Cache-oblivious algorithms should not be confused with cache-aware algorithms. Cache-aware algorithms and data structures explicitly depend on various hardware configuration parameters, such as the cache size. Cache-oblivious algorithms do not depend on any hardware parameters. An example of cache-aware (not cache-oblivious) data structure is a B-Tree that has the explicit parameter B, the size of a node. The main disadvantage of cache-aware algorithms is that they are based on the knowledge of the memory structure and size, which makes it difficult to move implementations from one architecture to another. Another problem is that it is very difficult, if not impossible, to adapt some of these algorithms to work with multiple levels in the memory hierarchy. Cache-oblivious algorithms solve both problems.

Lecture twenty-two introduces the terminology and notation used in cache-oblivious algorithms, explains the difference between cache-oblivious and cache-aware algorithms, does a simple memory analysis of several simple algorithms and culminates with a cache-oblivious algorithm for matrix multiplication.

The final lecture twenty-three is the most difficult in the whole course and shows cache-oblivious binary search trees and cache-oblivious sorting called funnel sort.

Use this supplementary reading material by professor Demaine to understand the material better: Cache-oblivious algorithms and data structures (.pdf).

Lecture 22: Cache Oblivious Algorithms I

Lecture twenty-two starts with an introduction to the modern memory hierarchy (CPU cache L1, L2, L3, main memory, disk cache, etc.) and with the notation and core concepts used in cache-oblivious algorithms.

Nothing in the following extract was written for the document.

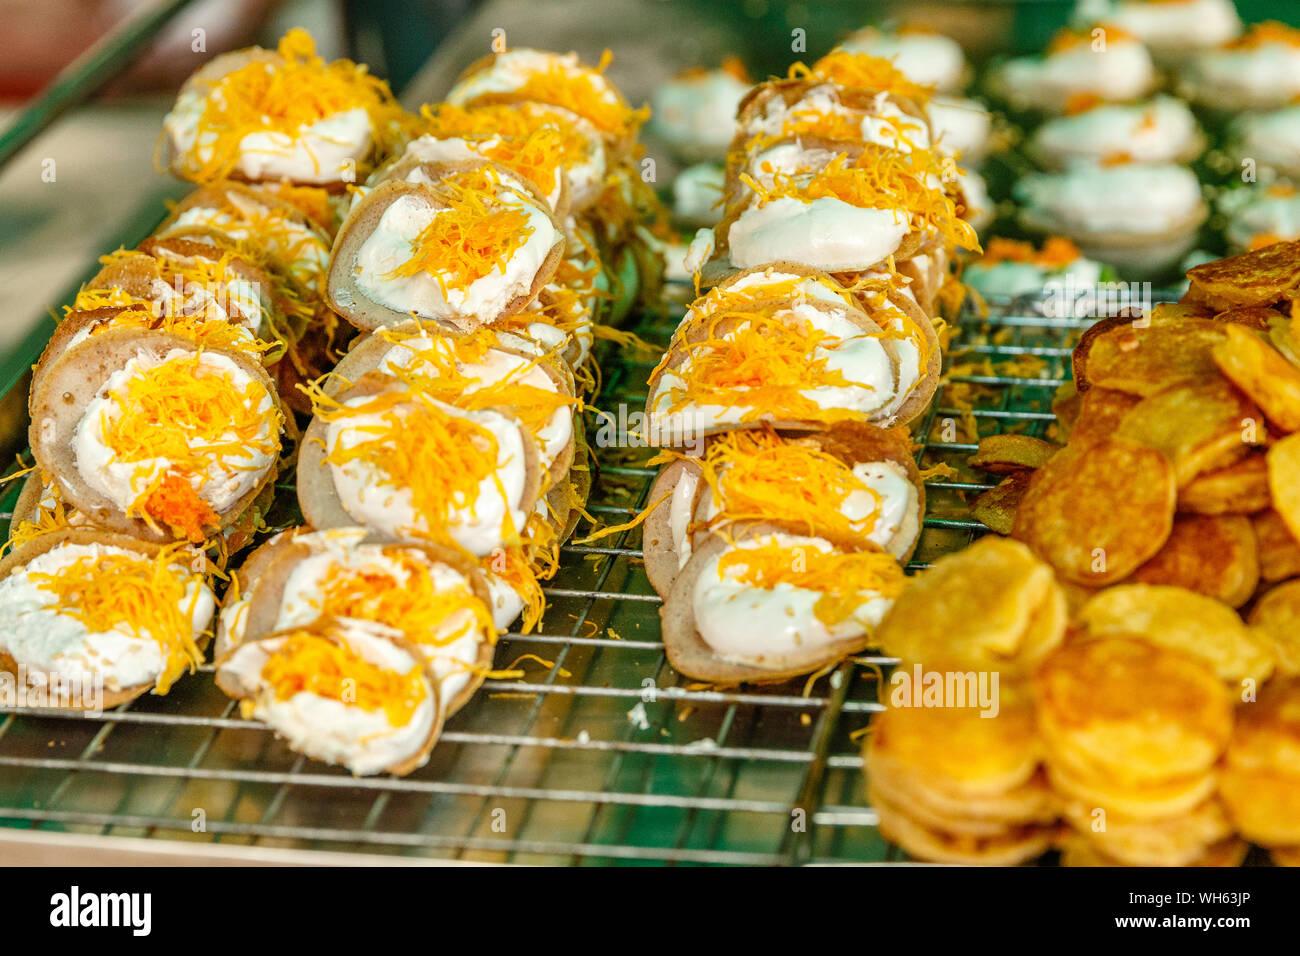 Khanom Buang - Thai traditional dessert, crispy pancake made with cream and Foi Thong (egg golden threads) on top. Thai street food. Bangkok, Thailand. Stock Photo

A powerful result in cache-oblivious algorithm design is that if an algorithm is efficient on two levels of cache, then it's efficient on any number of levels. Thus the study of cache-obliviousness can be simplified to two-level memory hierarchy, say the CPU cache and main memory, where the accesses to cache are instant but are orders of magnitude slower to main memory. Therefore the main question cache-oblivious algorithm analysis tries to address is how many memory transfers (MTs) does a problem of size N take. The notation used for this is MT(N). For an algorithm to be efficient, the number of memory transfers should be as small as possible.

Next the lecture analysis the number of memory transfers for basic array scanning and array reverse algorithms. Since array scanning is consequential, N elements can be processed with O(N/B) accesses, where B is the block size - number of elements that are automatically fetched as N-th element is accessed. That is MT(N) = O(N/B) for array scanning. The same bound holds for reversing an array, since it can be viewed two scans - one from the beginning and one from the end.

Next it's shown that the classical binary search (covered in lecture 3) is not cache efficient, but order statistics problem (covered in lecture 6) is cache efficient.

Finally the lecture describes a cache efficient way to multiply matrices by storing them block-wise in memory.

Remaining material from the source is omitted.